The gold bugs have still not thrown in the towel, despite bullion being a disappointing performer for a couple of months now.

And that's not a good sign from a contrarian point of view.

To review: From a mid-February high of $1,354, spot gold fell last week to as low as $1,272 -- a 6% drop in less than three months' time. Despite this sizeable decline, the short-term gold timers I monitor are, on balance, relatively sanguine. Instead of becoming pessimistic and dejected, which is their usual pattern in the face of pronounced market weakness, they have only modestly and begrudgingly reduced their recommended gold market exposure levels.

As a result, gold market contrarians remain on the sidelines, patiently waiting for the timers' aggressive bearishness -- a "Wall of Worry," if you will, that constitutes a fat pitch contrarian buy signal.

Consider the average recommended gold market exposure level among the gold timers I monitor, as measured by the Hulbert Gold Newsletter Sentiment Index (HGNSI). This average currently stands at minus 2%, which means that the typical gold timer is allocating 98% of his gold-oriented trading portfolio to cash and just 2% to going short. (Full disclosure: A division of my company calculates the HGNSI and offers the data by subscription.)

In other words, the average gold timer is almost completely out of the market. Though the timers' average exposure level is a lot lower than the +65% reading that was registered in mid-February, it still is well above the minus 30% readings that, historically, have accompanied the best trading opportunities.

In case you think that this recitation of recent history is nothing more than contrarians playing Monday-morning quarterback, let me remind you that in early February, just two weeks before what turns out to be gold bullion's high for the year to date, I reported that a contrarian analysis of gold market sentiment led to the conclusion that gold bulls "have reason to worry," given that the gold timing community had become "irrationally exuberant."
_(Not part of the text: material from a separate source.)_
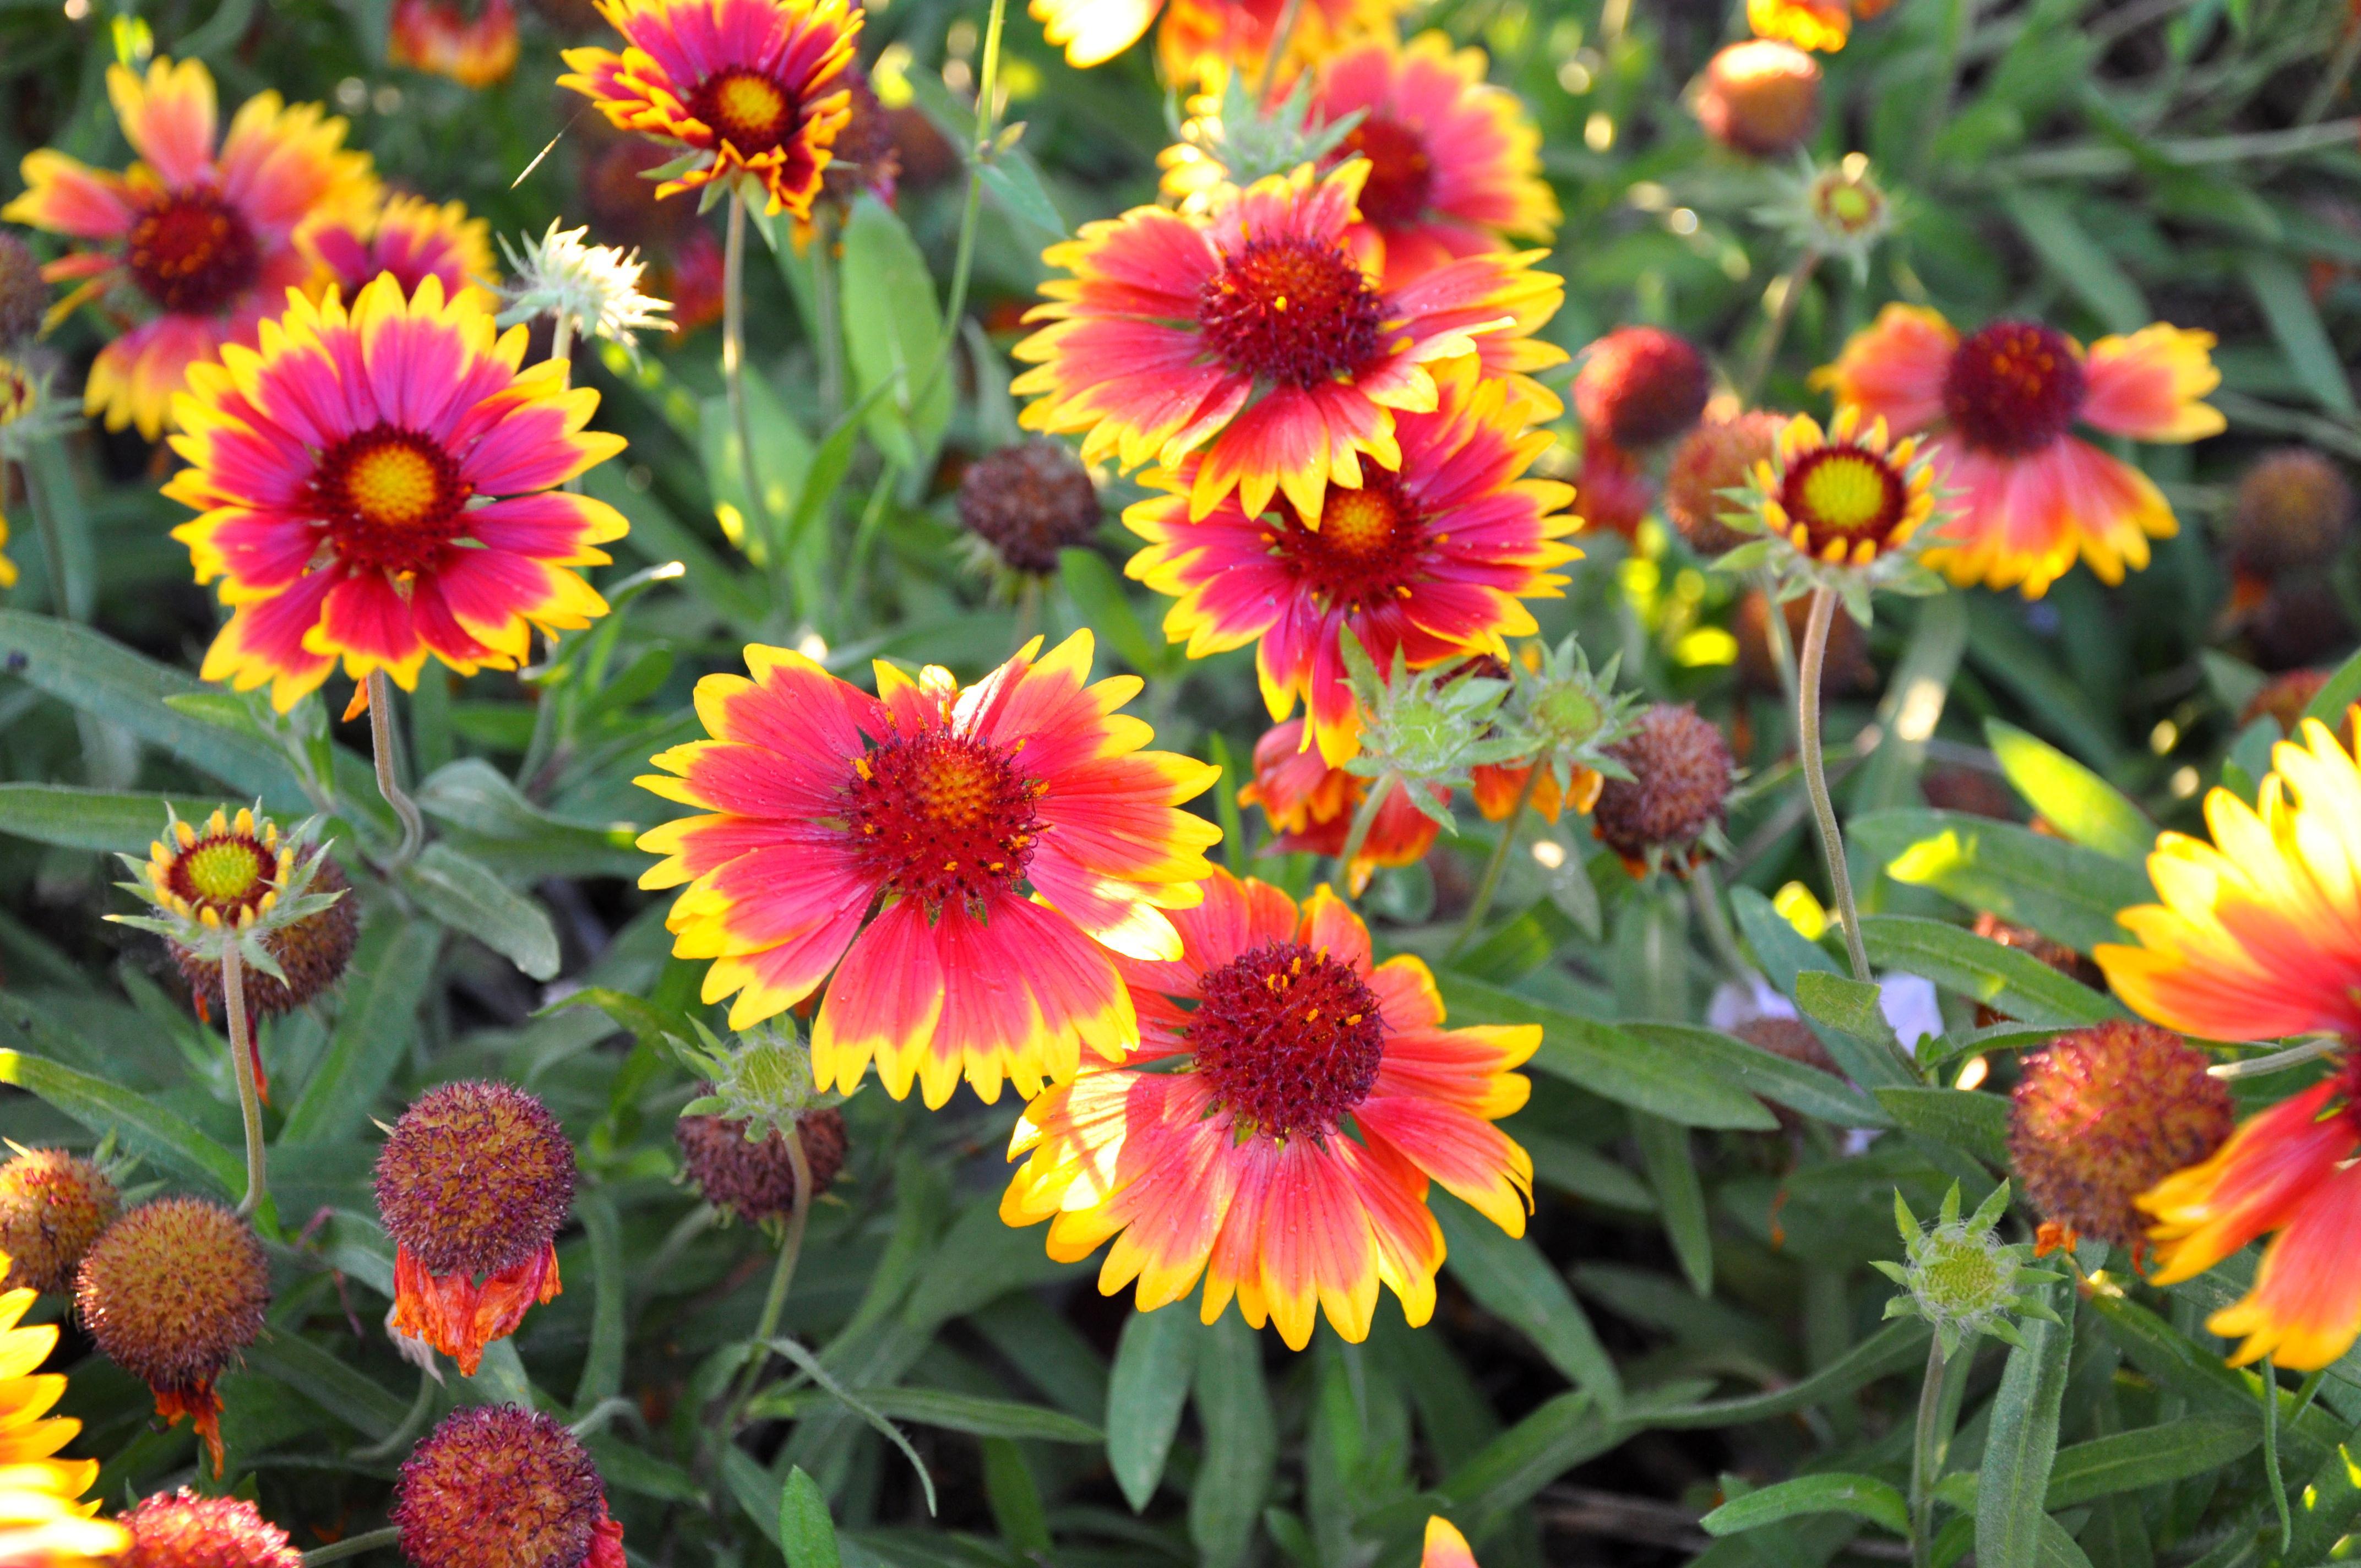 File Gaillardia grandiflora Blanket Flower გაილარდია JPG Wikimedia mons

Let me go out of my way to emphasize, however, that contrarian analysis isn't always right. And, even when it is right, its explanatory power is best measured in weeks rather than months or years. That means that current gold market sentiment tells us nothing about where gold may end calendar 2019, much less in 2020 and beyond. It could very well be that gold is going much, much higher, for example.

But, to the extent contrarian analysis is right, a better, lower-risk buying opportunity on the path to those higher levels is still in our future.